Figure 1. A. TRIR spectrum of large polarons in a halide perovskite film following band-gap excitation. The inset shows the transitions that appear in the spectrum measured at 30 ns time delay. B. Schematic showing TRPL and TRIR measurements performed under identical, device-relevant conditions. C. Overlay of TRPL and TRIR measurements reveal identical kinetics at lower temperature, indicating the presence of free carriers. Such a comparison was not possible at meaningful excitation conditions before development of new noise suppression technology. At higher temperature, dynamic disorder in the perovskite lattice localizes charges into polarons and extends their lifetime by an order of magnitude. Adapted from Ref. 1.

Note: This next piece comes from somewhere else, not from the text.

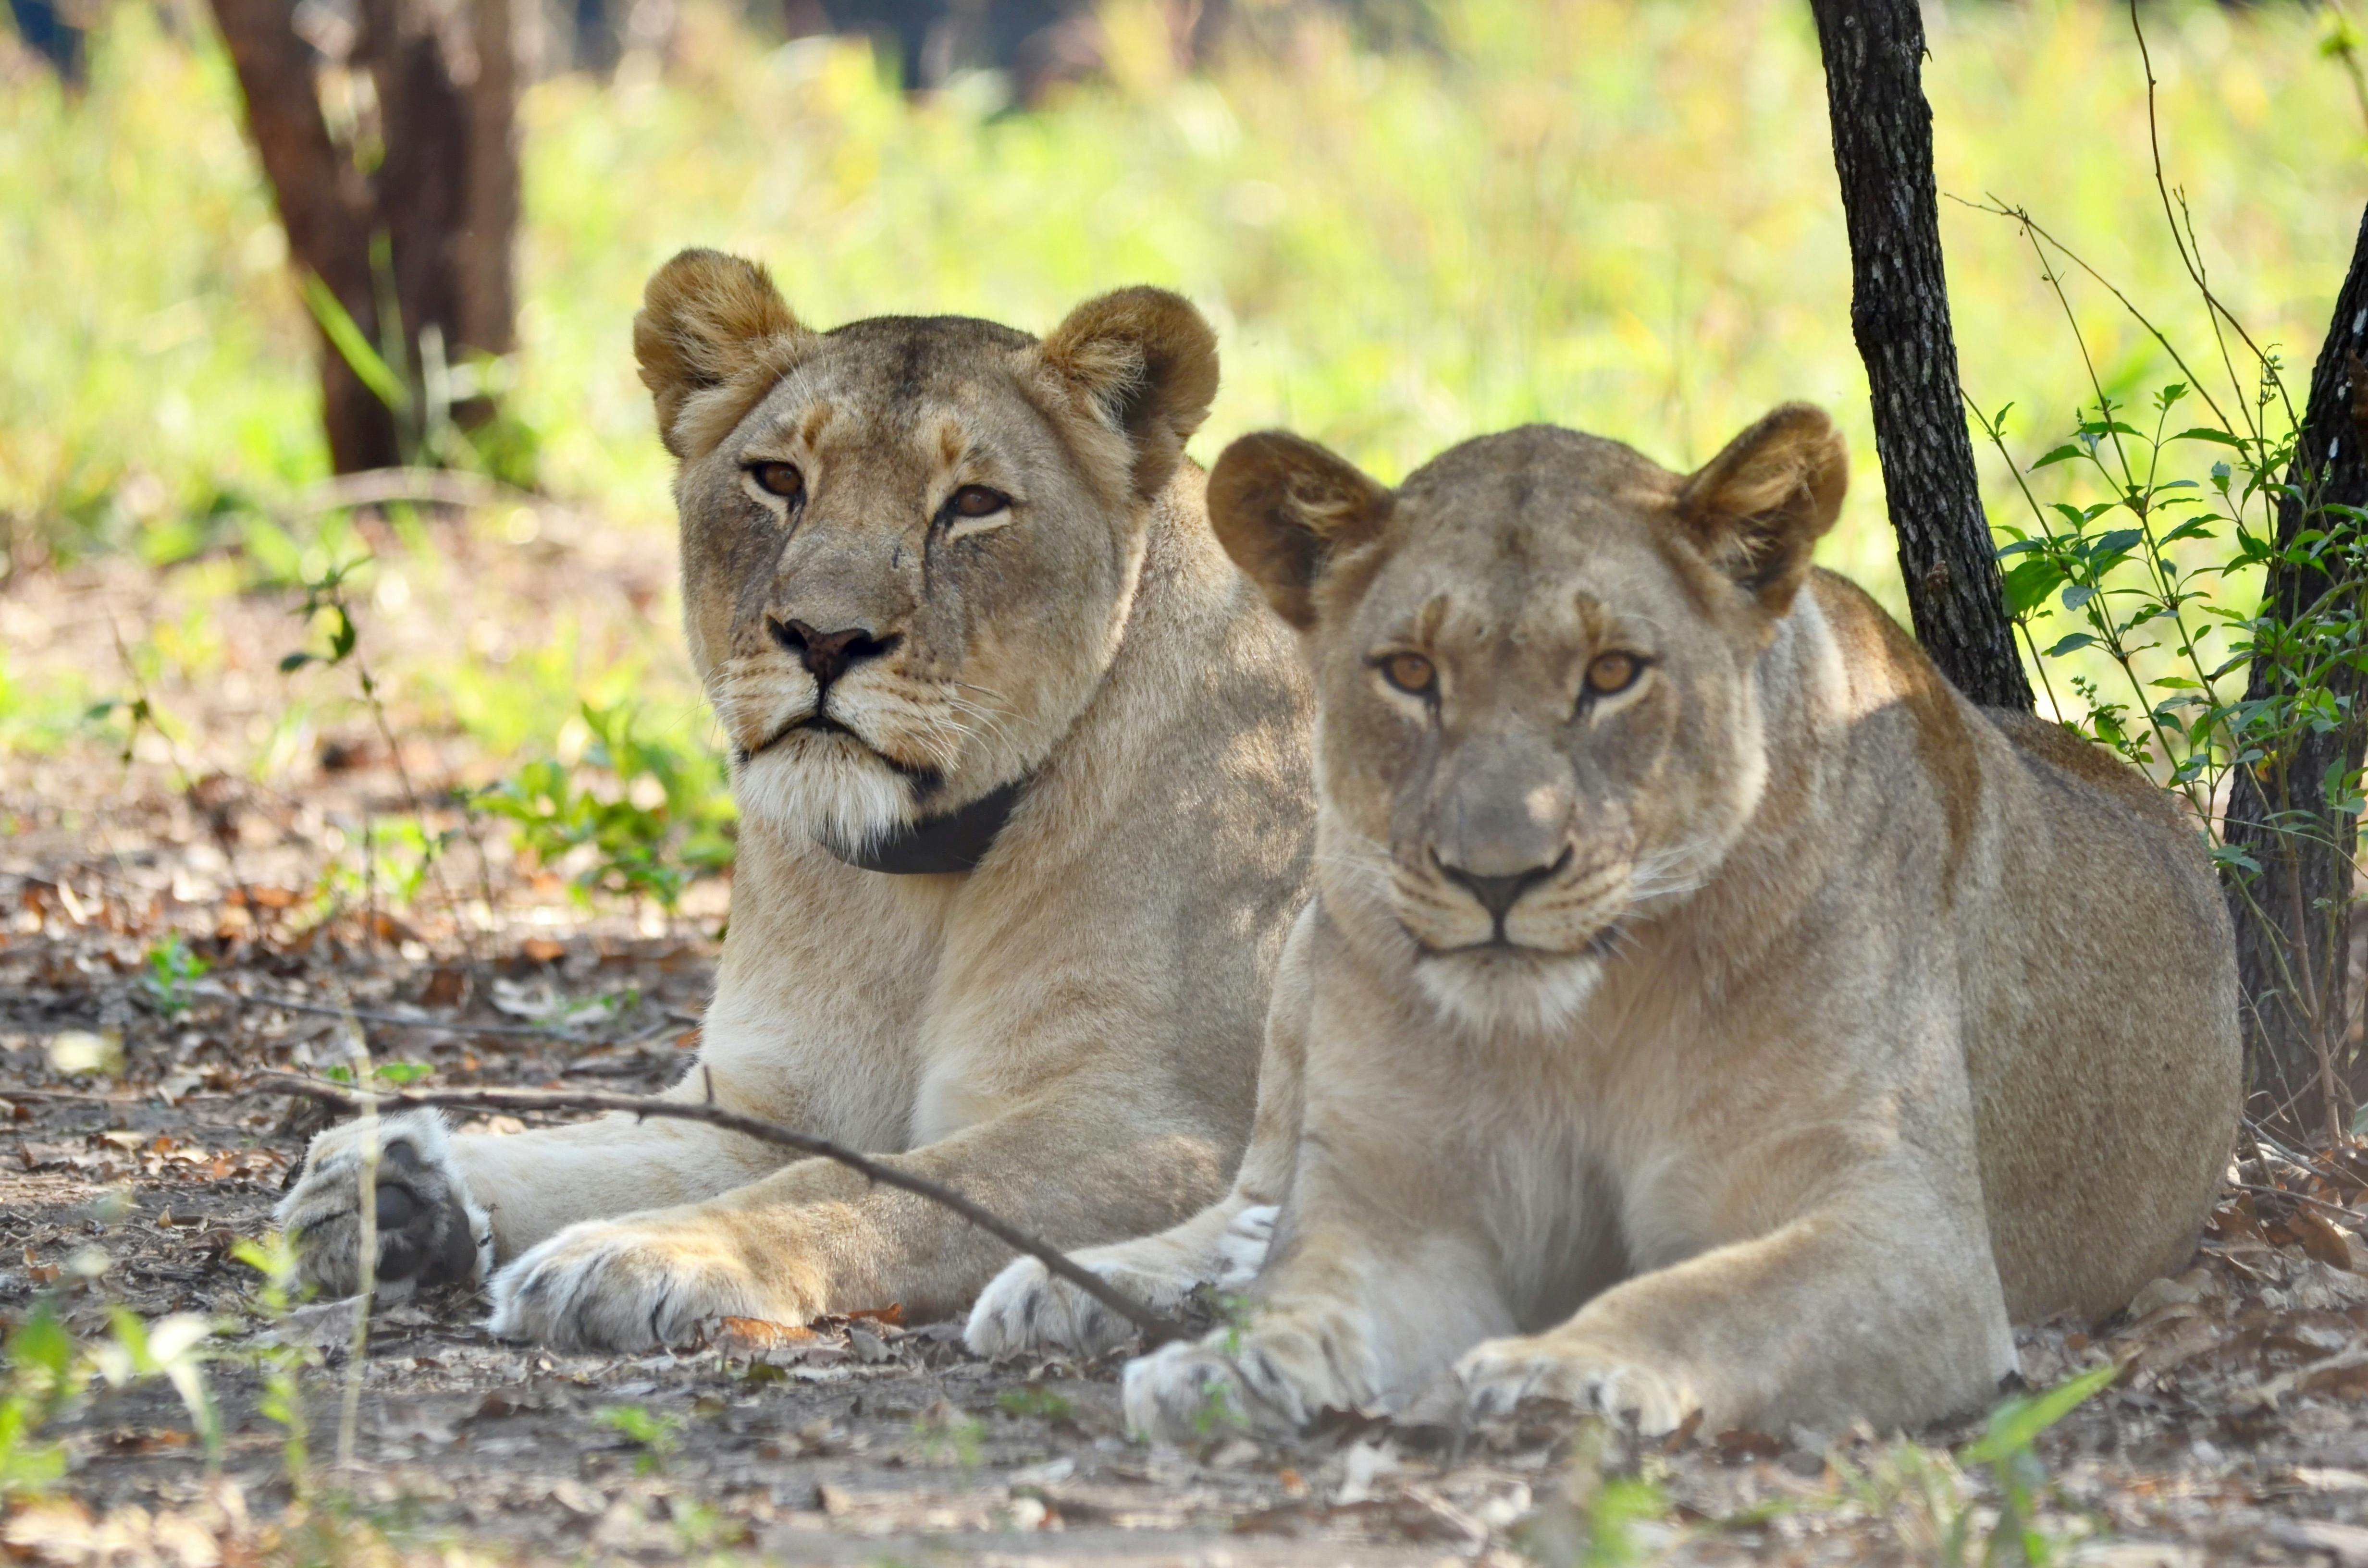 Protecting and growing Malawi’s lion population
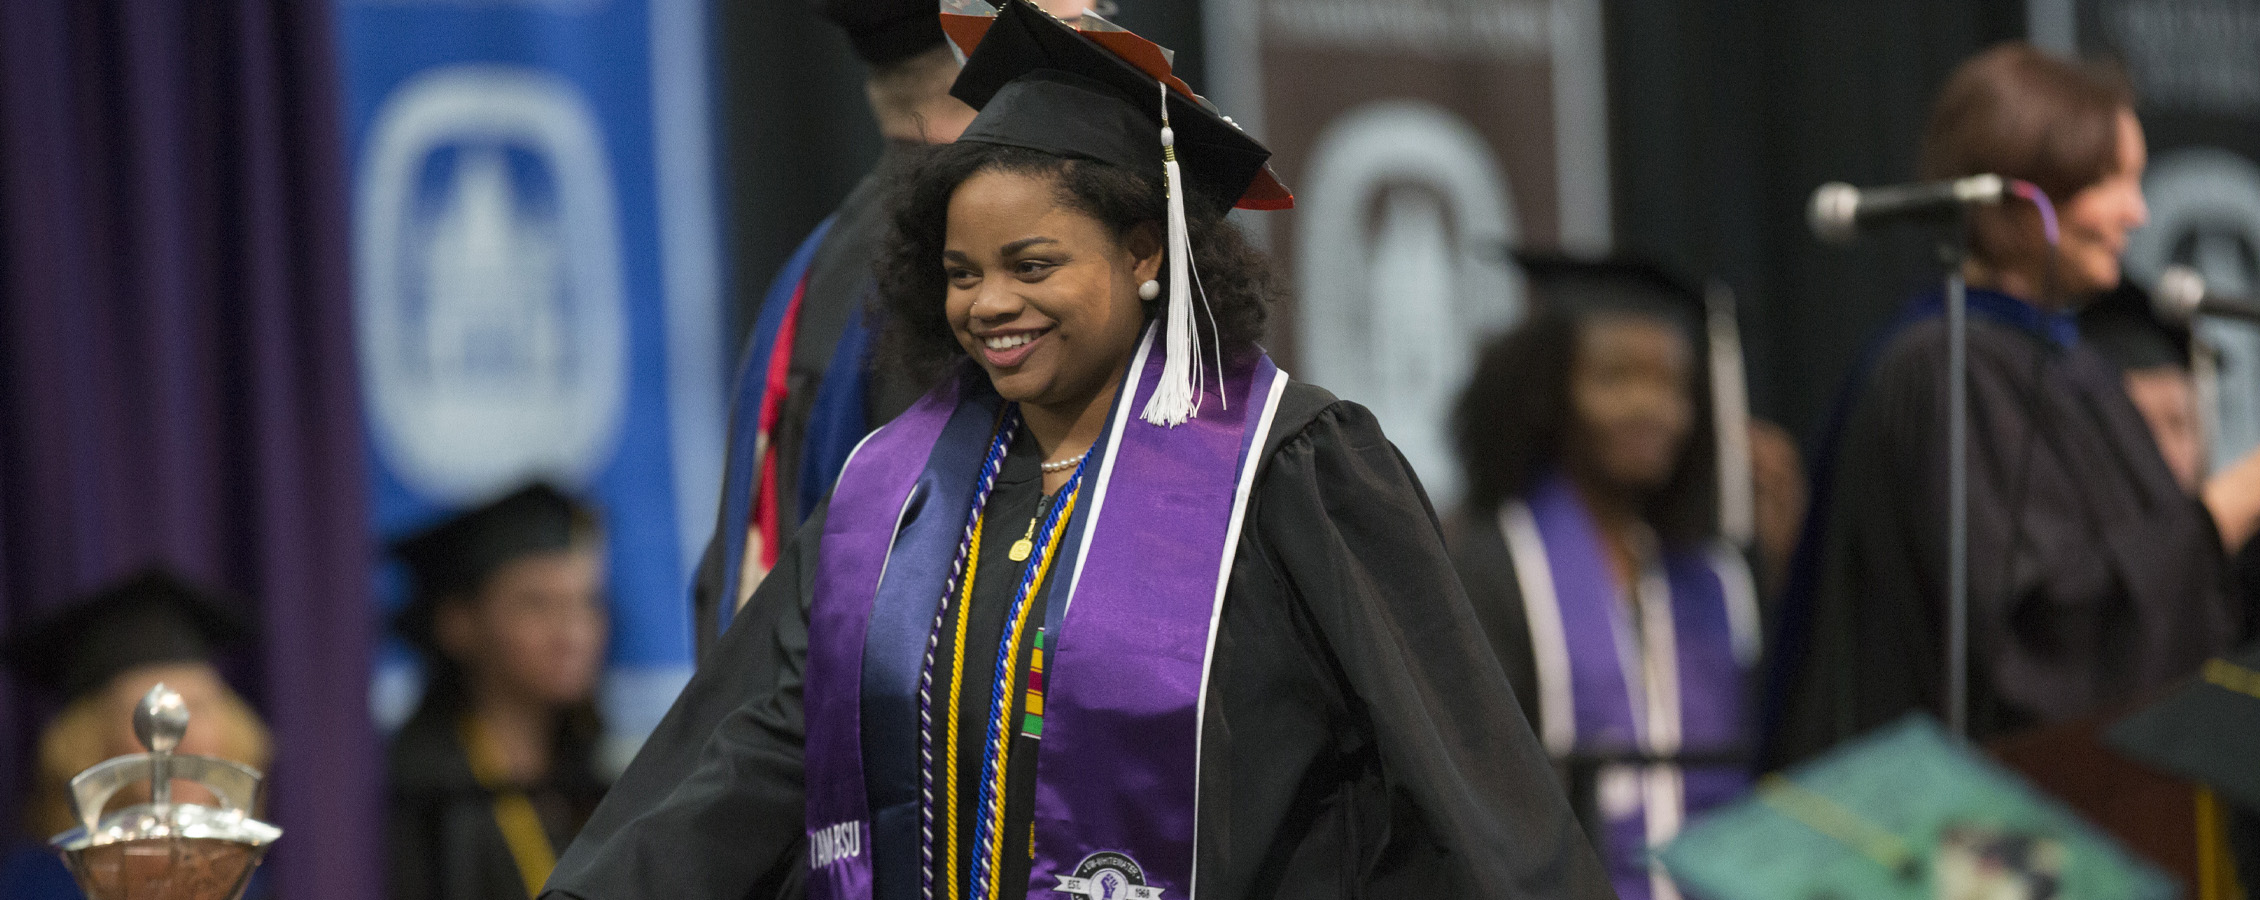 A student crosses the stage at graduation.

At reduced temperature (150 K), the data revealed that thermal motion of the perovskite lattice was sufficiently low to allow charge carriers to reside in free carrier states at the band edges of the perovskite. The TRPL dynamics exhibited band-edge emission in quantitative agreement with the dynamics of charges in free carrier states probed using TRIR (Figure 1C, left). However, at room temperature (290 K), the charge recombination lifetime increased 20-fold relative to the lower temperature (Figure 1C, right). The com-parison of TRIR and TRPL measurements under device-relevant conditions revealed that dynamic disorder due to thermal motion of the perovskite lattice led to large polaron formation. This in turn created energetic barriers to charge recombination that ultimately underpin the remarkable properties of halide perovskite optoelectronic materials.


  1. Munson et al. Chem (2018) DOI: 10.1016/j.chempr.2018.09.001.
  2. Kiermasch et al. Sci. Rep. (2016) DOI: 10.1038/srep39333.